#### Your instructions:
Go through the listing below and write out exactly the lines from the one that mentions "Bayside 5010 Mens" through the one that mentions "Myths about Medicaid", minus the pictures.

#### Listed entries:

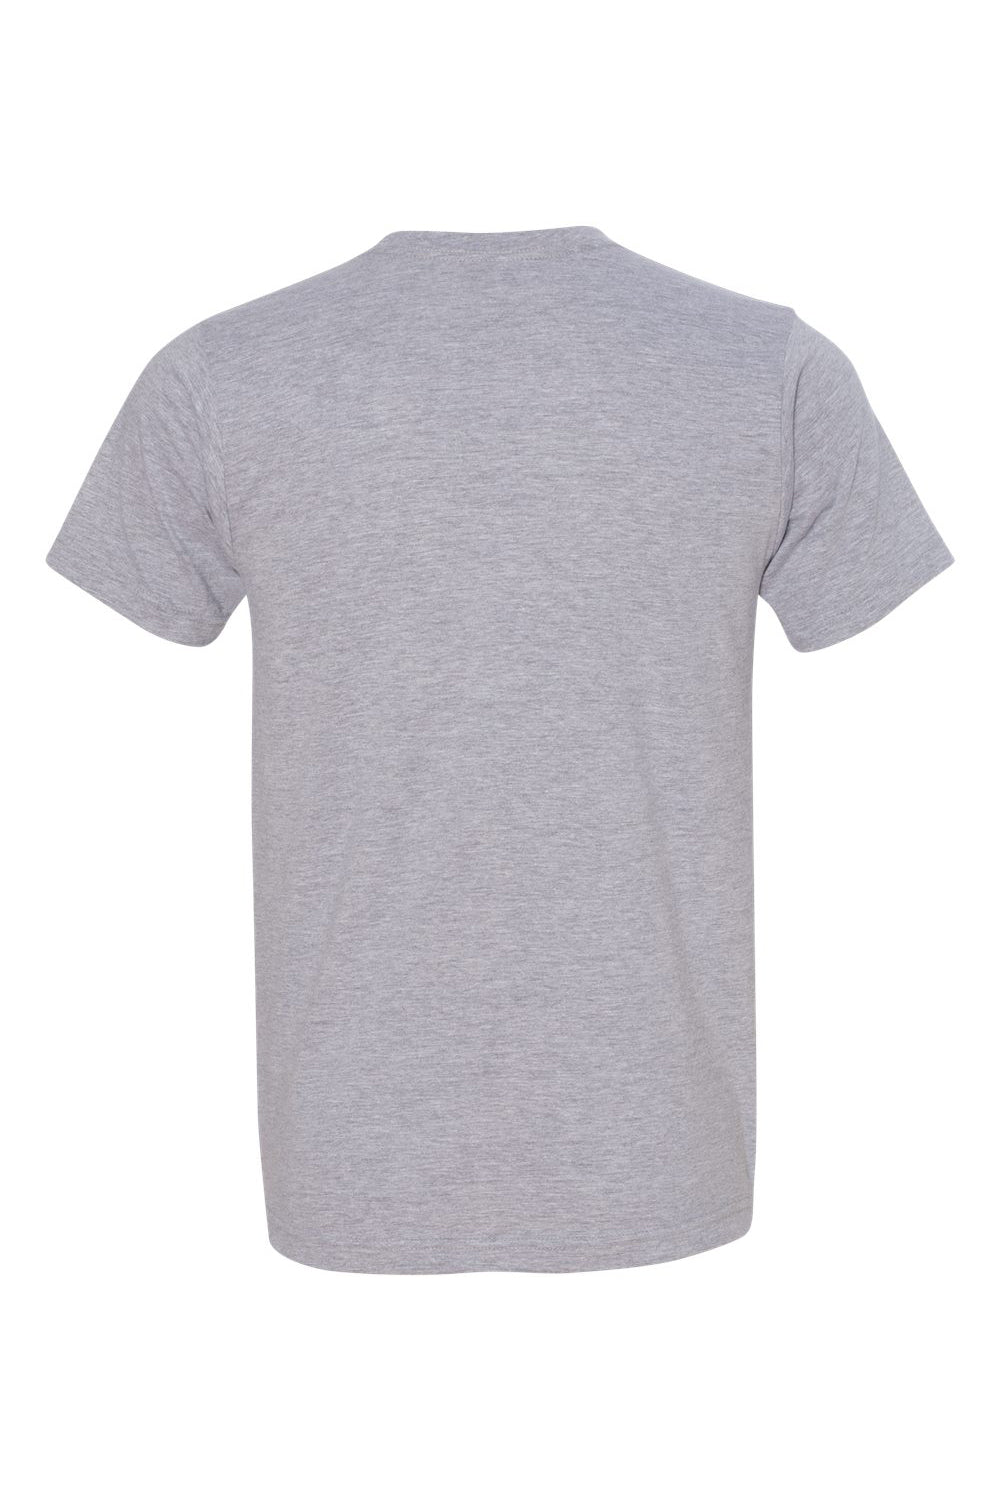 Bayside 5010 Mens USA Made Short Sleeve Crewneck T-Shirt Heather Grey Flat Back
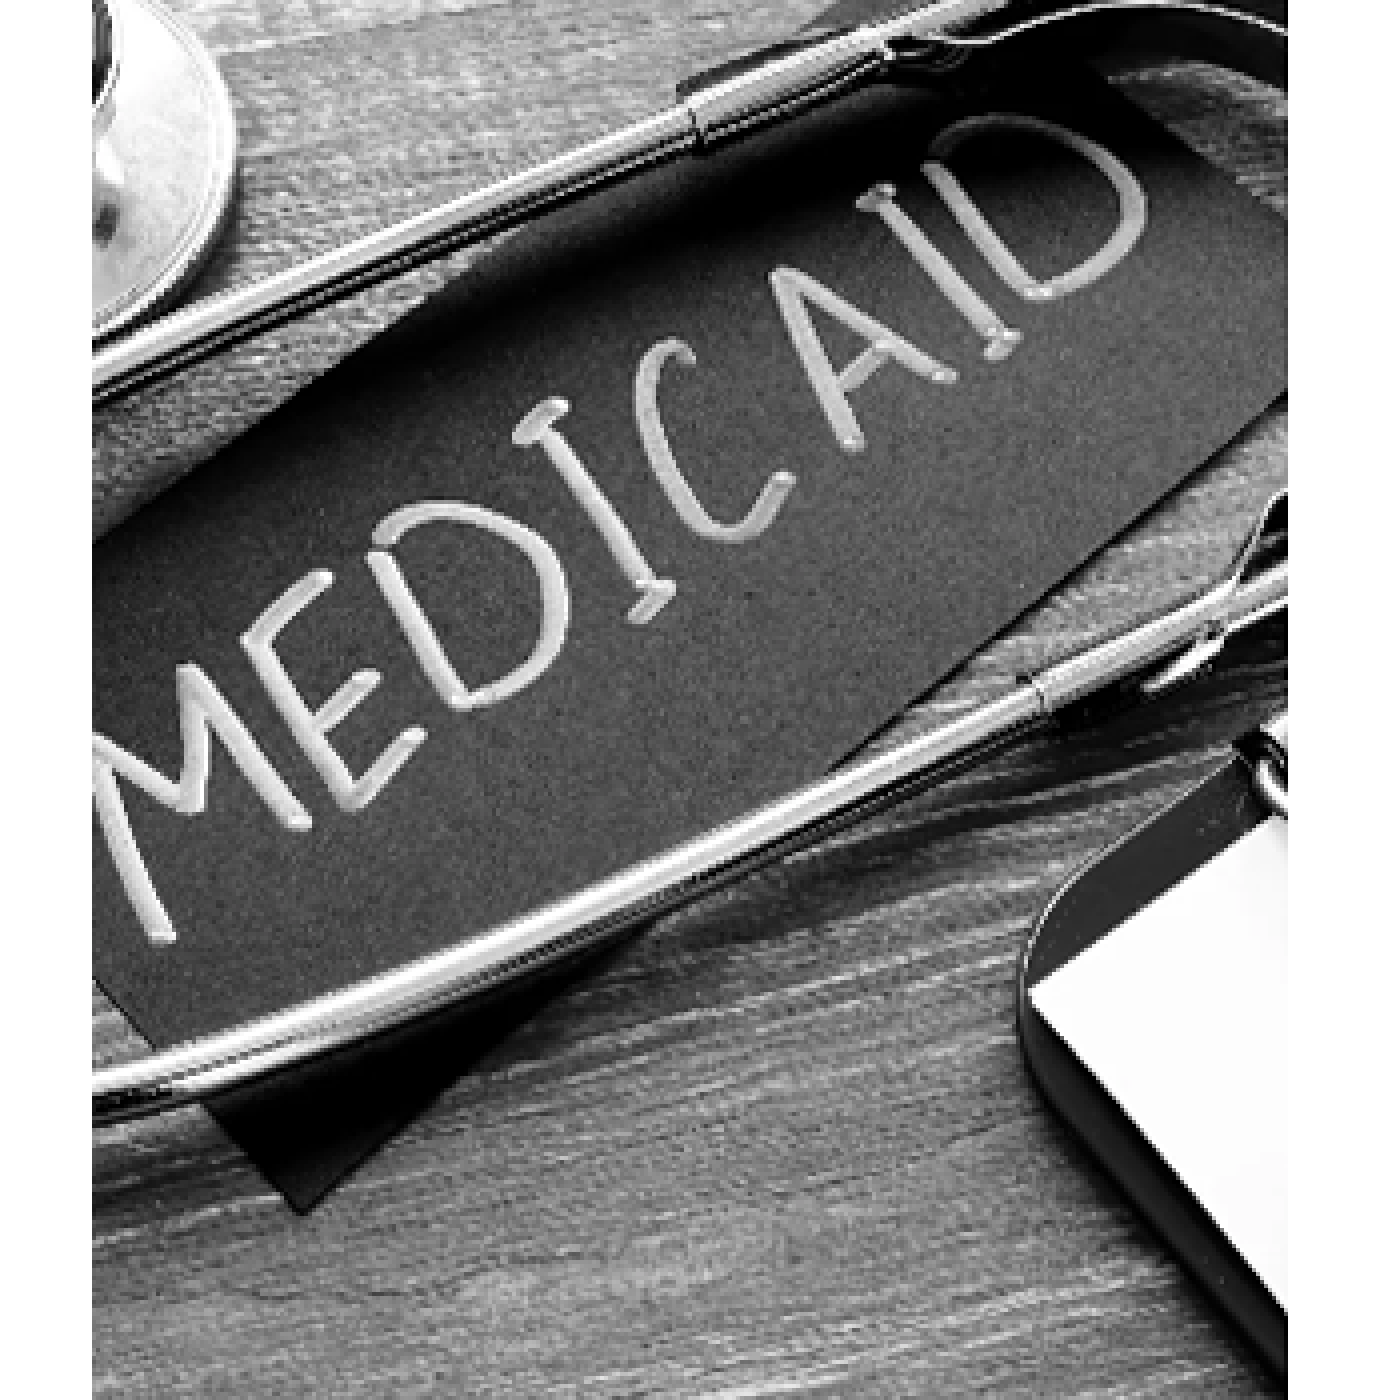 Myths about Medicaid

* * *

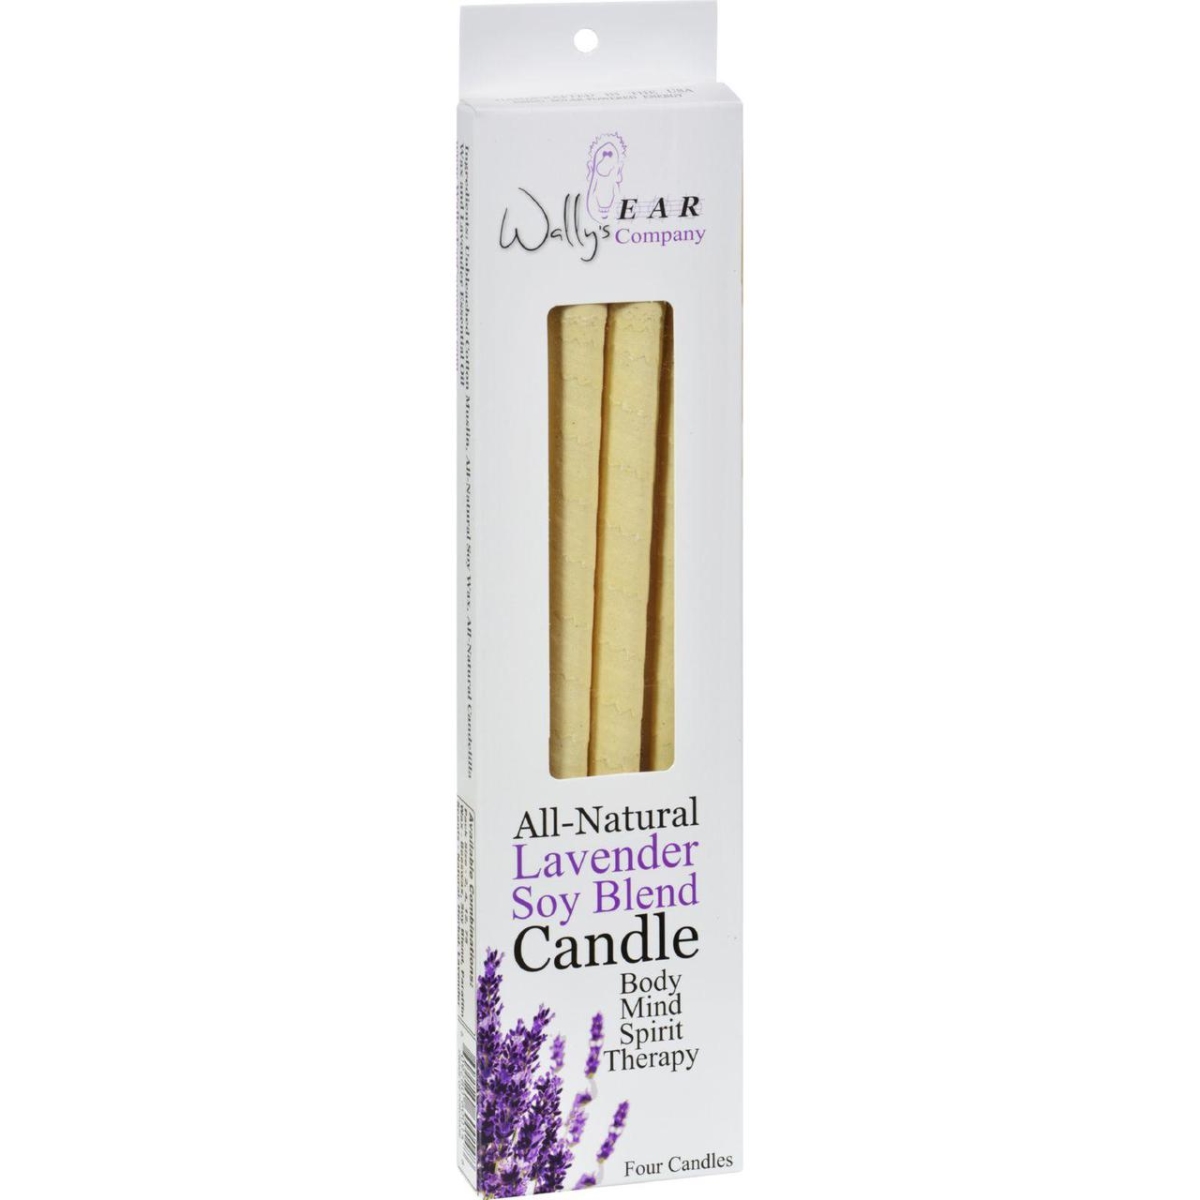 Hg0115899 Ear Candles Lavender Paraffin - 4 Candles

* * *

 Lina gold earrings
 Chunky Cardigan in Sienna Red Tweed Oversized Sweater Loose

#### Written solution:
 Bayside 5010 Mens USA Made Short Sleeve Crewneck T-Shirt Heather Grey Flat Back
 Myths about Medicaid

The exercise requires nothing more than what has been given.